Wojsko amerykańskie w końcu dostrzegło jak rewolucyjne są drony Karema. W styczniu 1994 roku za 31,7 milionów dolarów kupiło 3 pierwsze drony. Drony zaopatrzone zostały w mniejszą antenę satelitarną mieszczącą się w nosie. Z większymi kadłubami i rozpiętością drony stały się znanymi Predatorami.

Dziś w służbie jest obecnie kilkaset Predatorów. Ich orientacyjna cena to 4 mln dolarów za sztukę. Korzysta z nich wojsko USA, Włoch, Turcji i Maroka.

Opracowana dla dronów General Atomics MQ-1 Predator naziemna stacja sterowania umożliwiała jednoczesne sterowanie więcej niż jednym dronem. Jest w całości cyfrowa, możliwe jest jej przekonfigurowanie i przeprogramowanie.

Reaper

General Atomics MQ-9 Reaper jest większym bezzałogowcem niż jego nieuzbrojeny poprzednik. Reaper może przenosić maksymalnie 1 360 kg uzbrojenia podwieszanego na sześciu węzłach podskrzydłowych. Są to m.in.:

  • pociski powietrze-ziemia AGM-114 Hellfire
  • bomby kierowane laserowo GBU-12 Paveway II,
  • bomby GBU-38 JDAM
  • bomby z mieszanym układem naprowadzania laser/GPS GBU-49

Większy turbośmigłowy silnik o mocy 950 KM umożliwia mu loty z prędkością maksymalną 480 km/h - 3 razy większą prędkość od MQ-1 Predator i aż 5 900 km zasięgu.

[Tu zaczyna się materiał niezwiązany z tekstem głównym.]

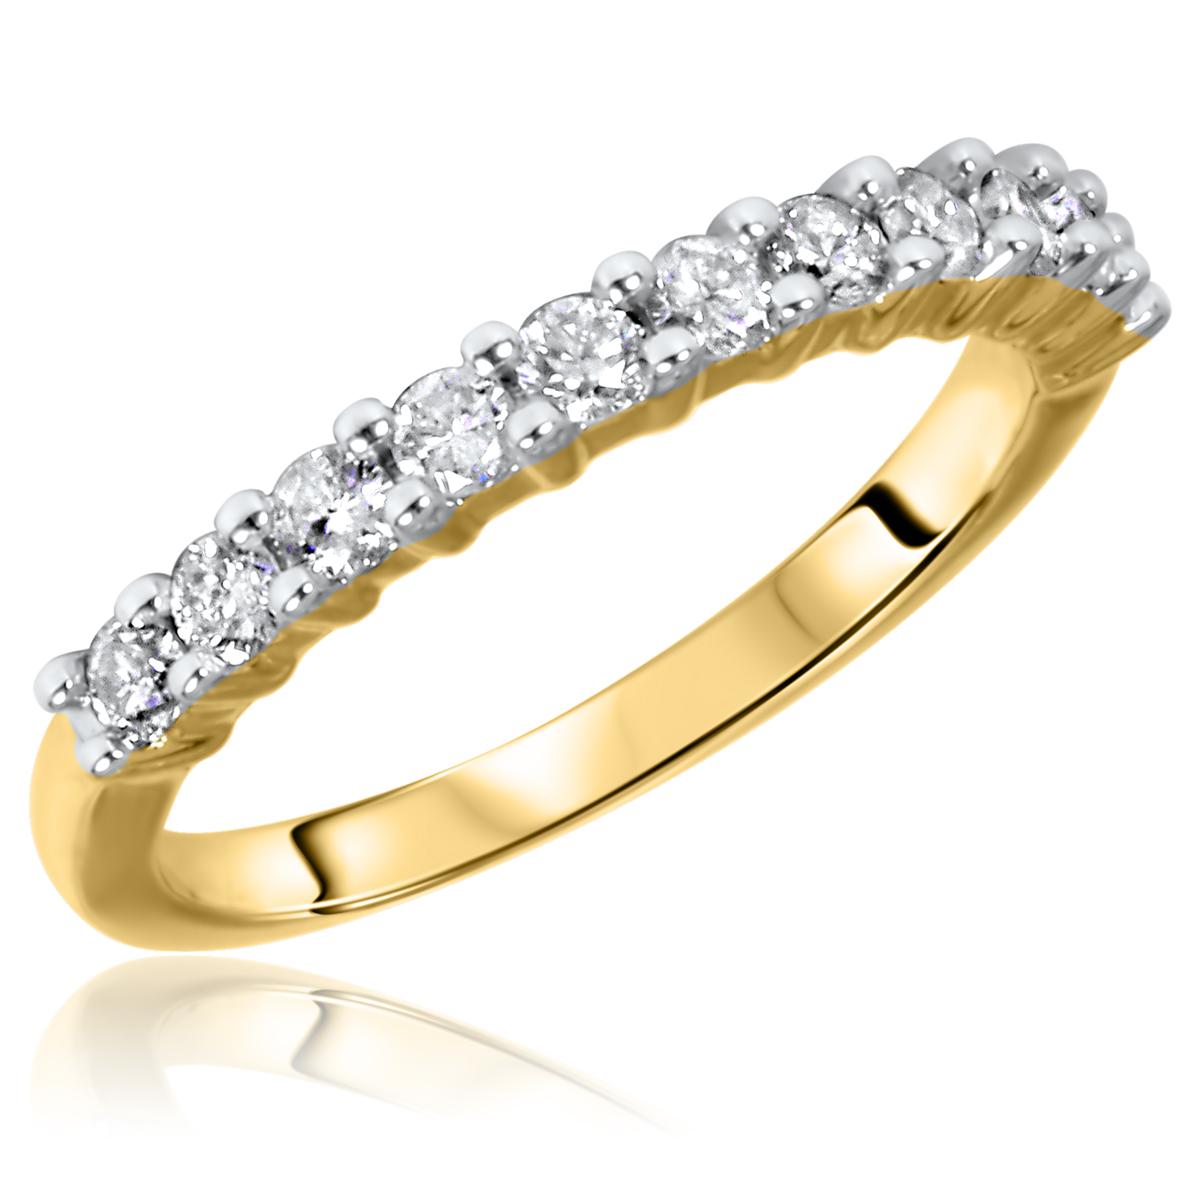 1/2 Carat T.W. Round Cut 11 Stone Diamond Anniversary Ladies Band 14K Yellow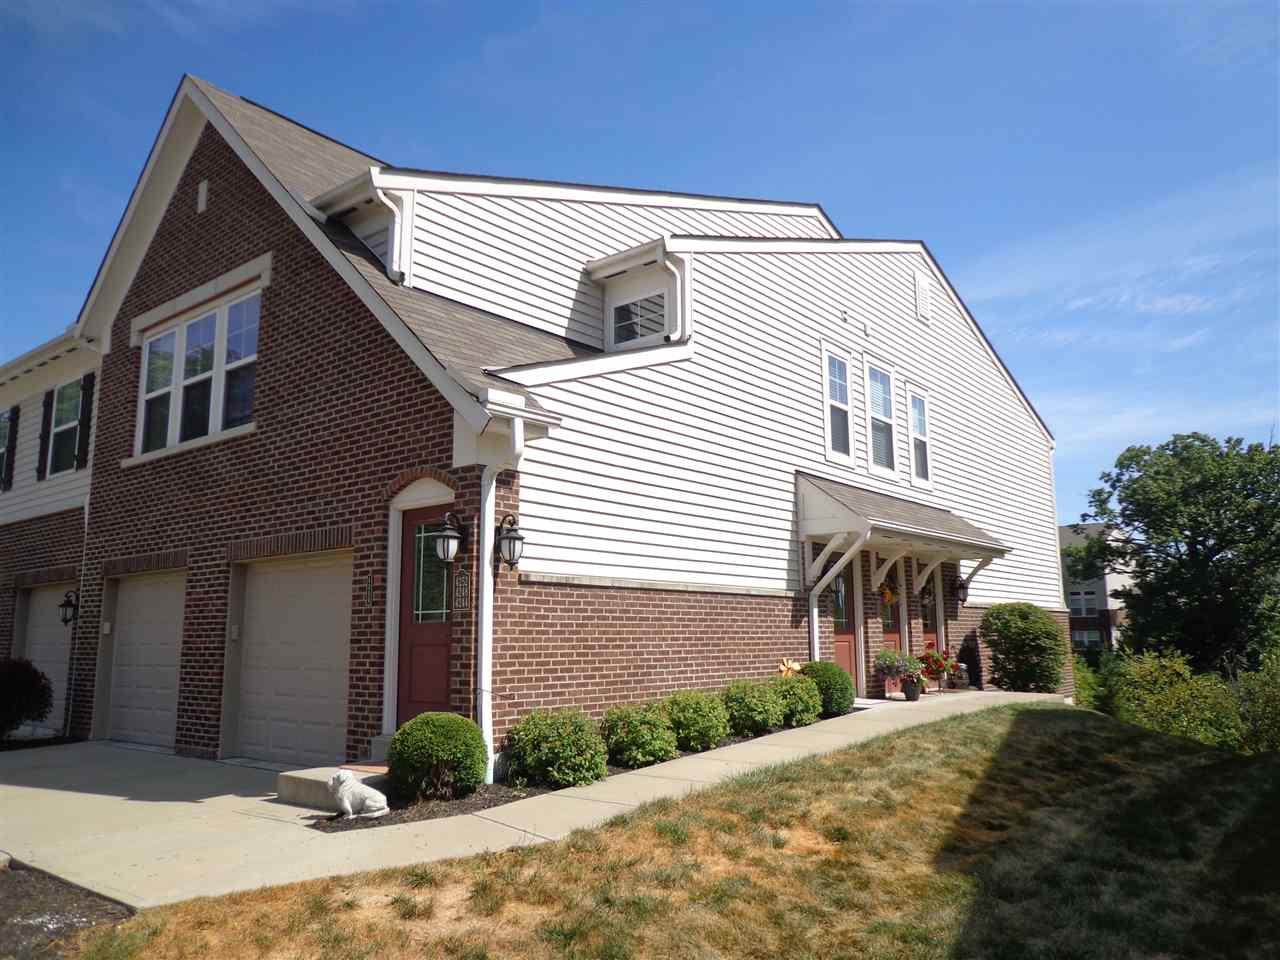 Photo 2 for 4248 Country Mill Rdg Burlington, KY 41005

Uzbrojona wersja Predatora weszła do służby w 2006 roku. Już rok później, 25 września 2007 roku, pierwszy bojowy atak. Zniszczył pojazd, którym poruszali się afgańscy rebelianci.

Orientacyjna cena Reapera to około 17 mln dolarów za sztukę. Korzysta z nich wojsko USA, UK i Włoch.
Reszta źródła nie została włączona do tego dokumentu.